Overall, Mat Kearney’s new album CRAZYTALK has a levity and joy that evaded his early releases, Nothing Left to Love and City of Black and White. Those albums were rich in melancholy depth that sometimes approached the sullen, but Kearney’s poetic lyrics and the truth in his voice afforded him the right to pull it off.
Kearney’s range has never been most evident than it is in CRAZYTALK, not just tonally, but also in his musical style references.

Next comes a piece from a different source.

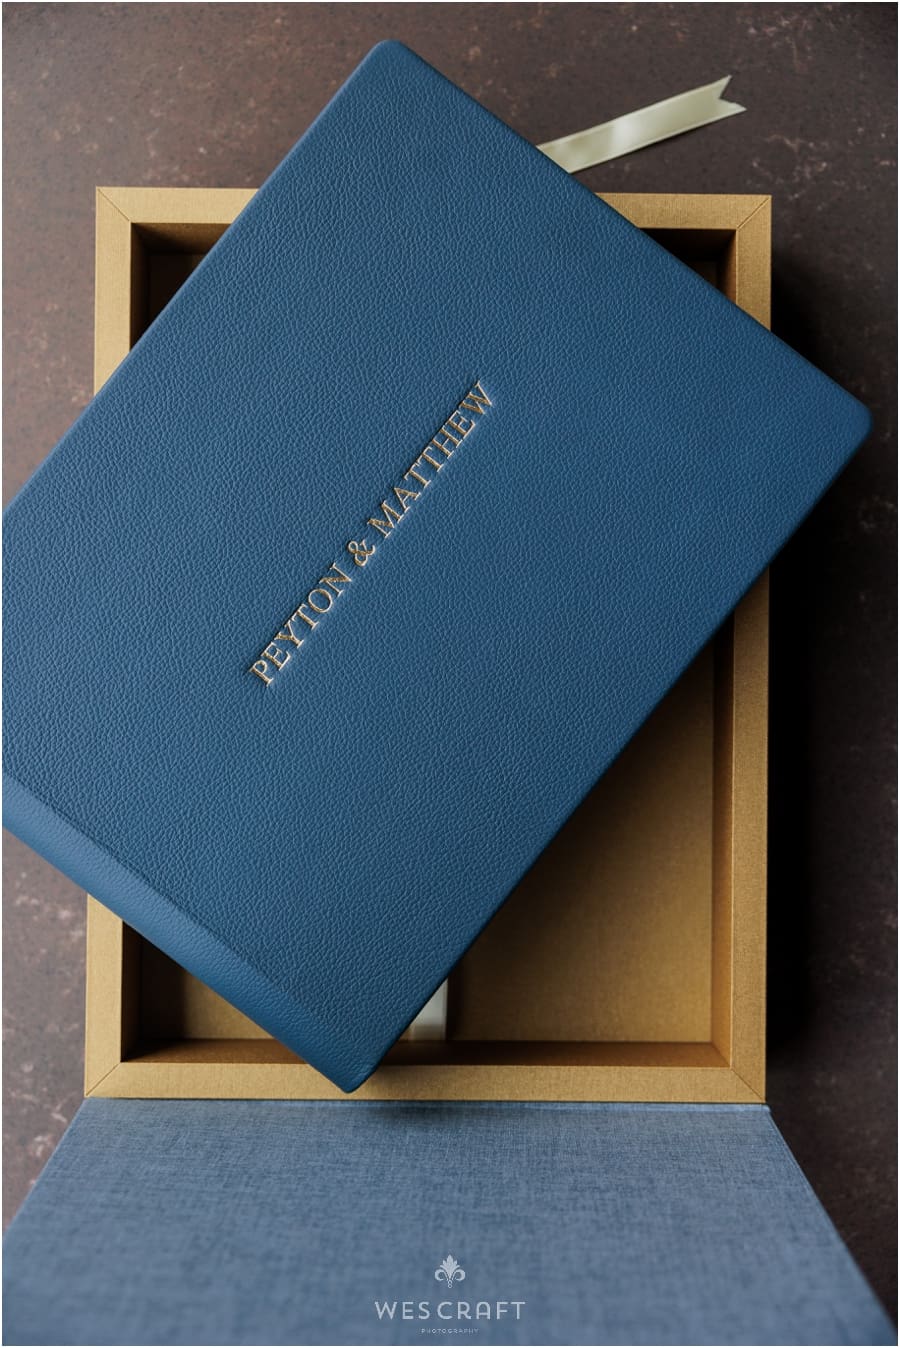 A Navy Blue Leather Album rests in a two toned Gold and blue case.

Here’s a rundown of some of CRAZYTALK’s outstanding songs and what we think about them:
FORTRESS: This is the song that seamlessly blends a classic Kearney snapping rhythm into 70’s-ish psychedelic tones (minus the reverb). “Fortress” also treats us to his trademark spoken-word stuff, including the stunning turning of phrase, “the enemy texting me…” (Is that iambic pentameter? Bravo, Kearney!)

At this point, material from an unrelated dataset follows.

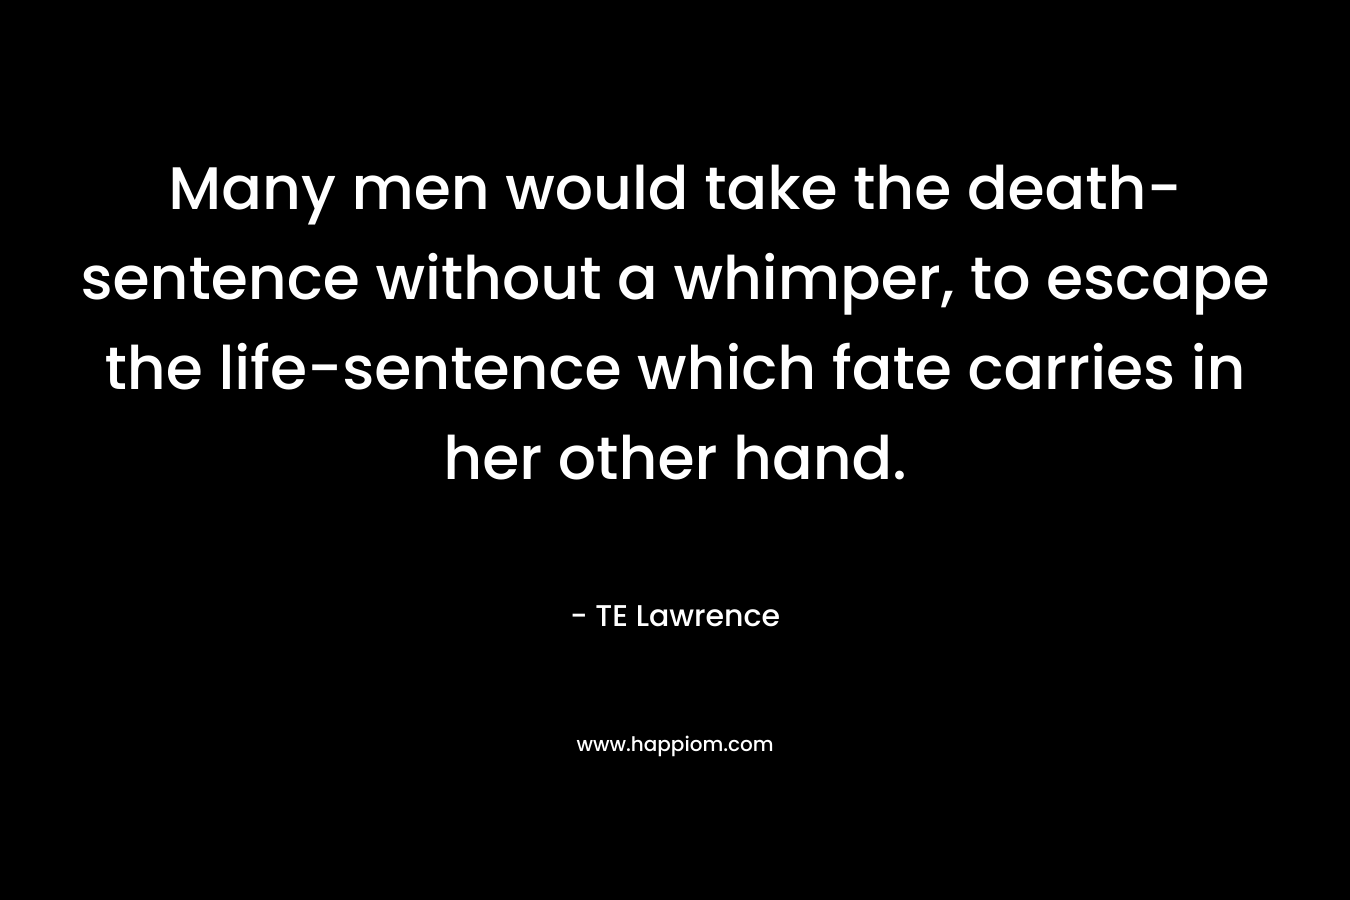 Many men would take the death-sentence without a whimper, to escape the life-sentence which fate carries in her other hand.

BY YOUR SIDE: This is the weakest song on CRAZYTALK, as much as you’ve got to respect a good homage to Sade. It sounds like Kearney woke up in the morning mumbling in monotone, half in and half out of a dream. A hard pass on this one.
MONEY: The Akon-esque song that you can’t get out of your head, “Money” is this album’s version of JUST KIDS’ “Hey Mama.” This song has the verses that you want to memorize as soon as you’ve heard them: “…strumming on my ukulele, she say, ‘you sound a little like Coldplay,’ Haha!”

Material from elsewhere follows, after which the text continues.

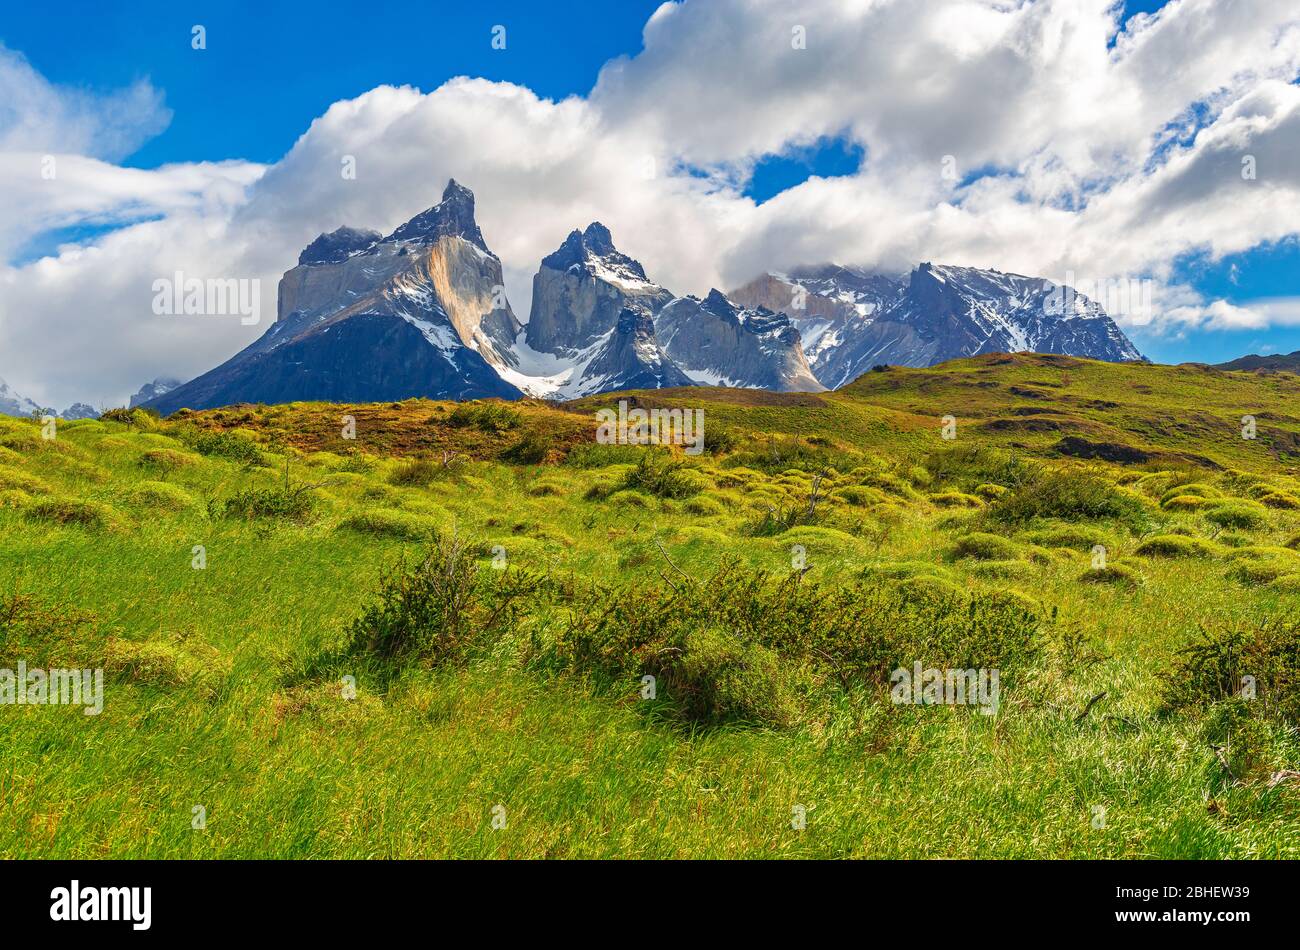 The Cuernos del Paine mountain peaks in spring, Torres del Paine national park, Patagonia, Chile. Stock Photo

KINGS AND QUEENS: I’ve been a fan of this song since the EP included it back in early 2018 (back when “all the feels” was a slightly less stale phrase). The phrases are an audial delight and the Kardashians and young culture at large should listen up: “we don’t need no Benzo to feel like we can ride/richer than Solomon with you by my side/we’ll be kings and queens in our own mind/we don’t need no jet plane feel like we can fly/we don’t need no gold chain just to watch it shine/twenty four carat lies we don’t got the time…” Amazing.
SLEEPING AT THE WHEEL: This is the song on the album that made me cry, because Kearney uses a well-worn cliché as a revelation, ironically. The song nudges us to appreciate the beauty right in front of us that, in the moment you know it, you also know that the moment is gone. It’s like a real-time nostalgia you can’t do anything about except to realize: “come on love, wake me up to something real/if I’m just sleeping at the wheel.”
CHANGES: “Changes” is the most painfully true song on the album, “growing up breaks you down…” as the singer powerfully empathizes with a heartbroken friend. “Changes” sounds suspiciously close to Chainsmokers’ music in cadence and empirical quality of lyrics, but paying attention for a moment, you won’t be fooled. While Chainsmokers’ songs consistently subsist on themes like clumsy lust and that to-hell-with-you attitude after the night has been spent, there is wisdom that runs beneath Kearney’s lyrics that you’ll never find in something like a Halsey/Chainsmoker collaboration. “Changes,” like the CRAZYTALK album as a whole, has rarer and more hard-won themes like the freedom in gratitude and mining the joy out of life. “Changes” may at first sound like another cool rock song, but there’s depth there that keeps resonating beyond the 33rd listen.
Tonally and musically, CRAZYTALK is an evolution onward and upward for Mat Kearney. His artistic weakness seems to be his music videos that strain to go past the millennial hipster ennui and solid cinematography. His one homerun is one of my favorite music videos of all time, LIKE SHIPS IN THE NIGHT, featuring his luminous wife, Annie. This is the video where Kearney allowed his once-nascent happiness to emerge, which, coupled with his poetry, pervades CRAZYTALK and has made us not nearly done playing the album on REPEAT, all caps.